**Provided data:**
┌────────

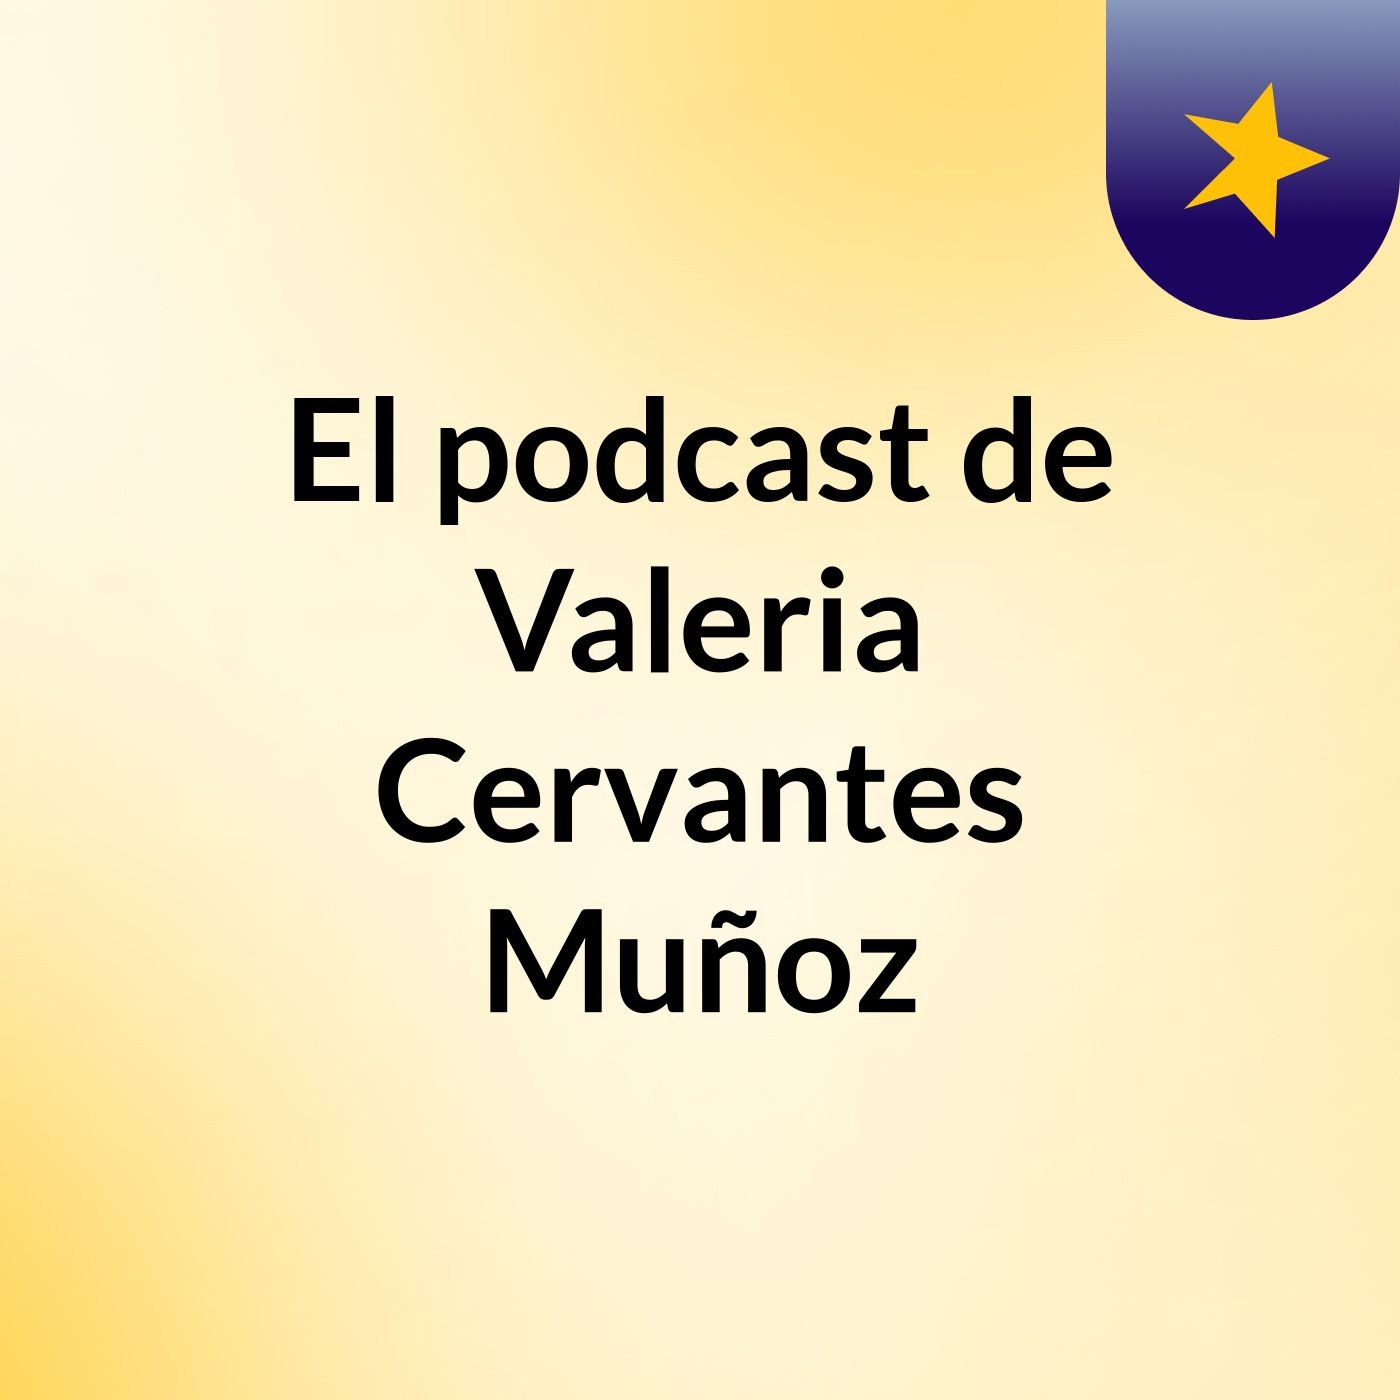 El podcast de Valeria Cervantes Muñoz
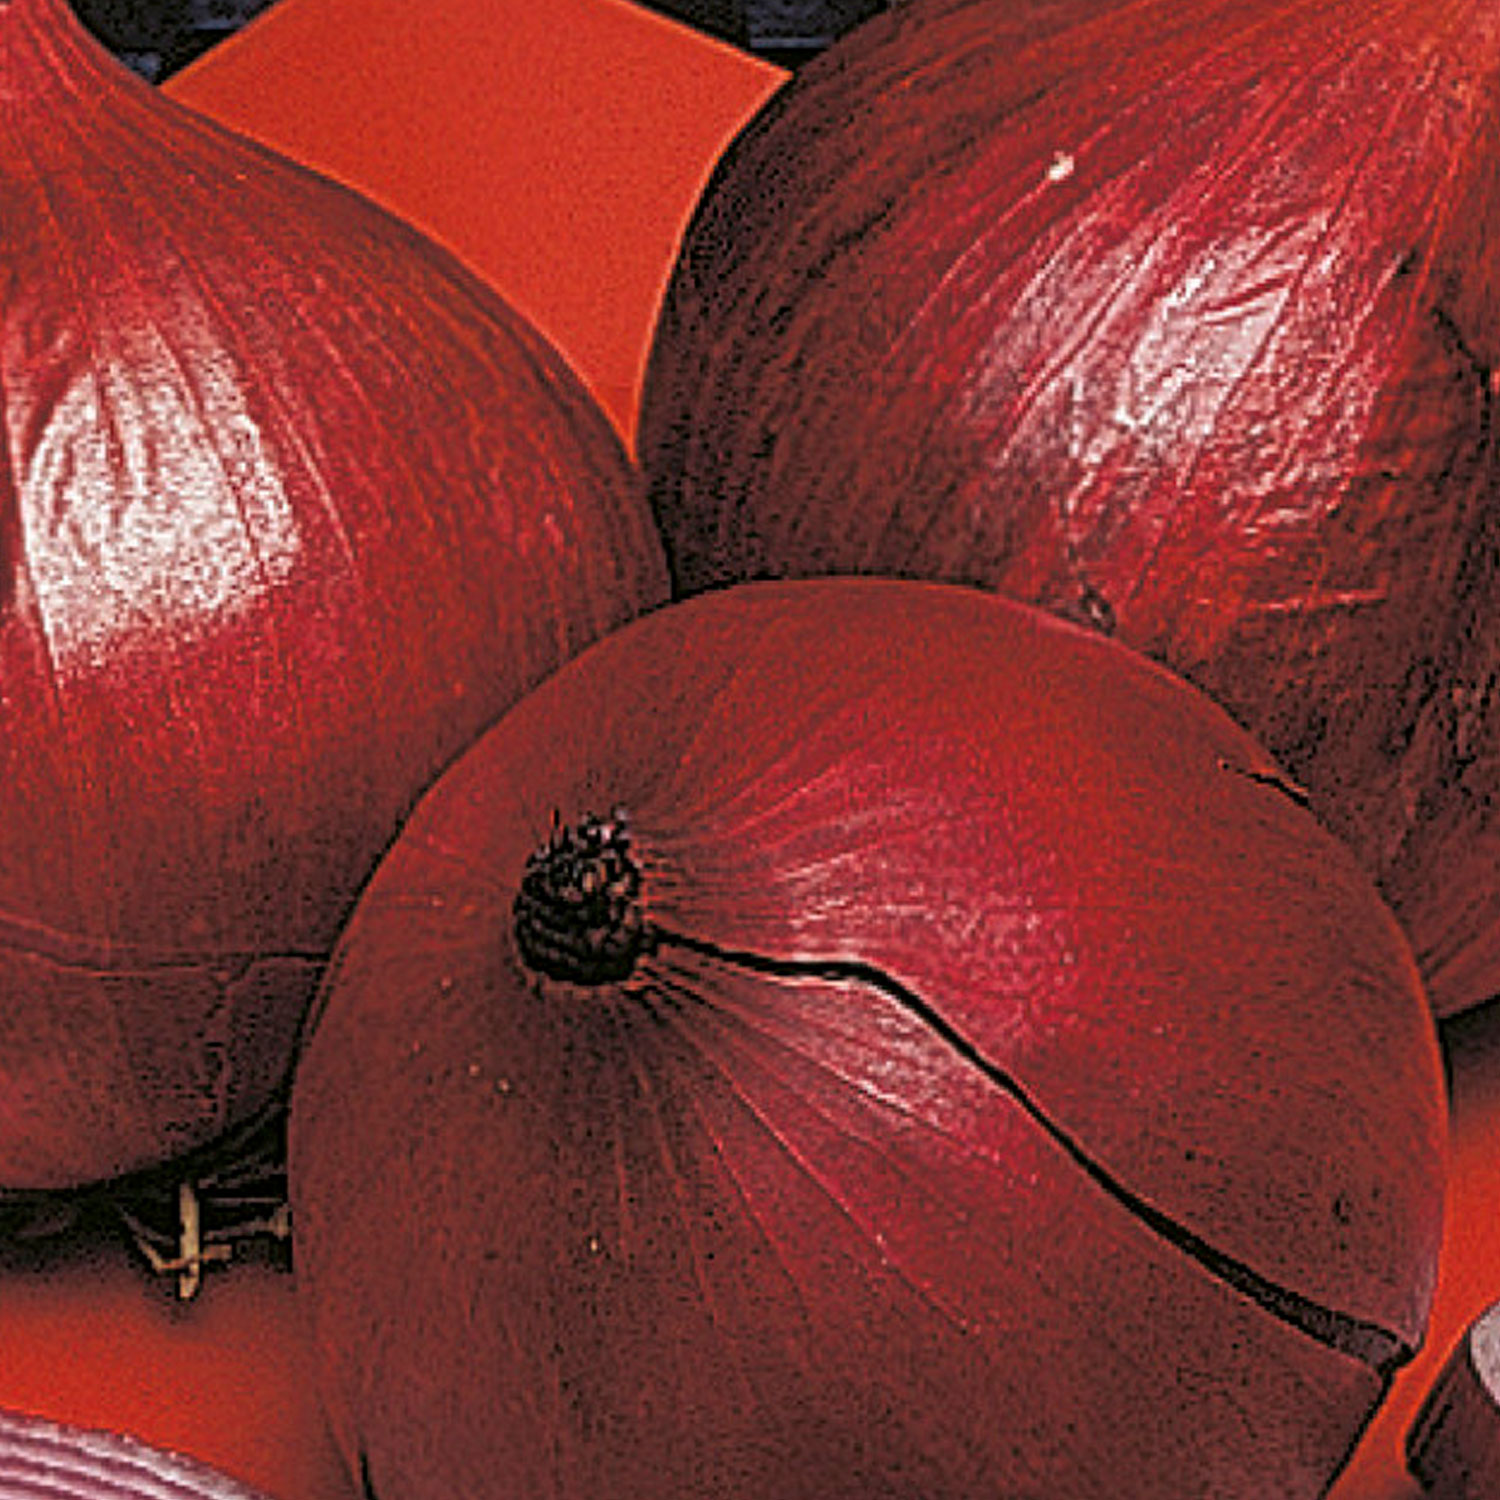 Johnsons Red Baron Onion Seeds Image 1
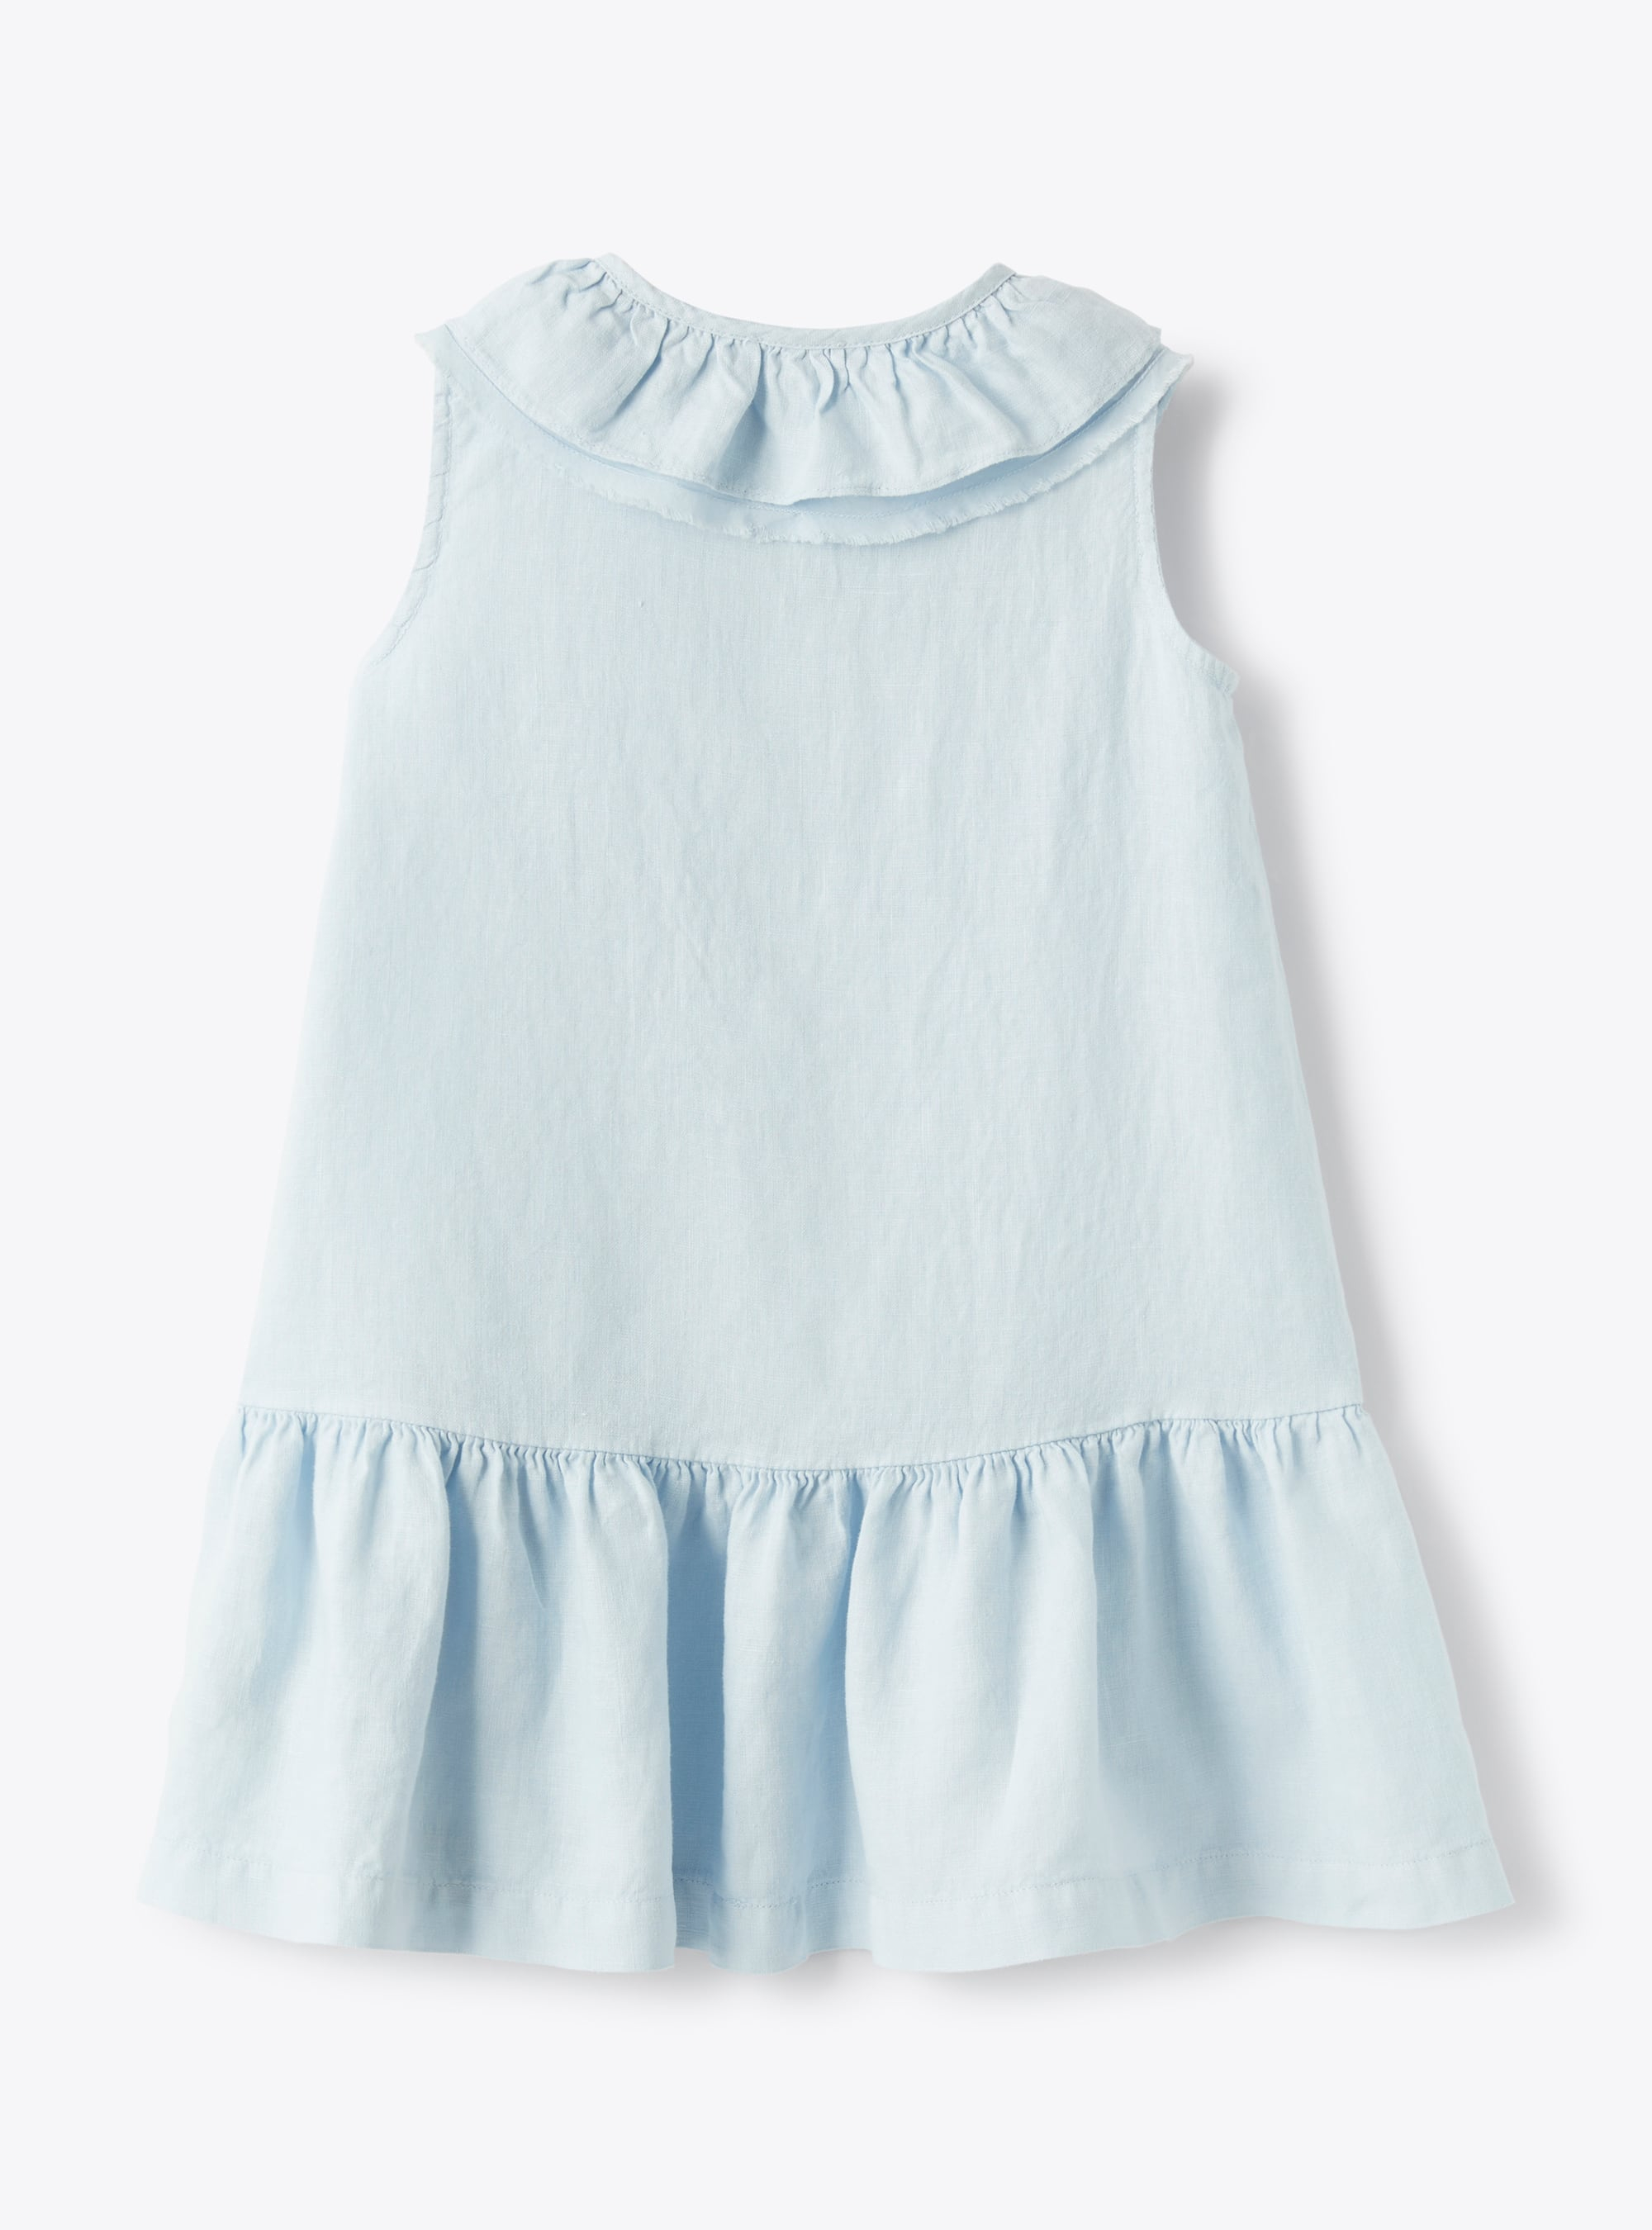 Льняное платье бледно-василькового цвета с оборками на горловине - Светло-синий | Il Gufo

└────────

**Work instruction:** Nothing but an exact copy of the data, without pictures, should be returned.

**Written reply:**
 El podcast de Valeria Cervantes Muñoz
 Johnsons Red Baron Onion Seeds Image 1
 Льняное платье бледно-василькового цвета с оборками на горловине - Светло-синий | Il Gufo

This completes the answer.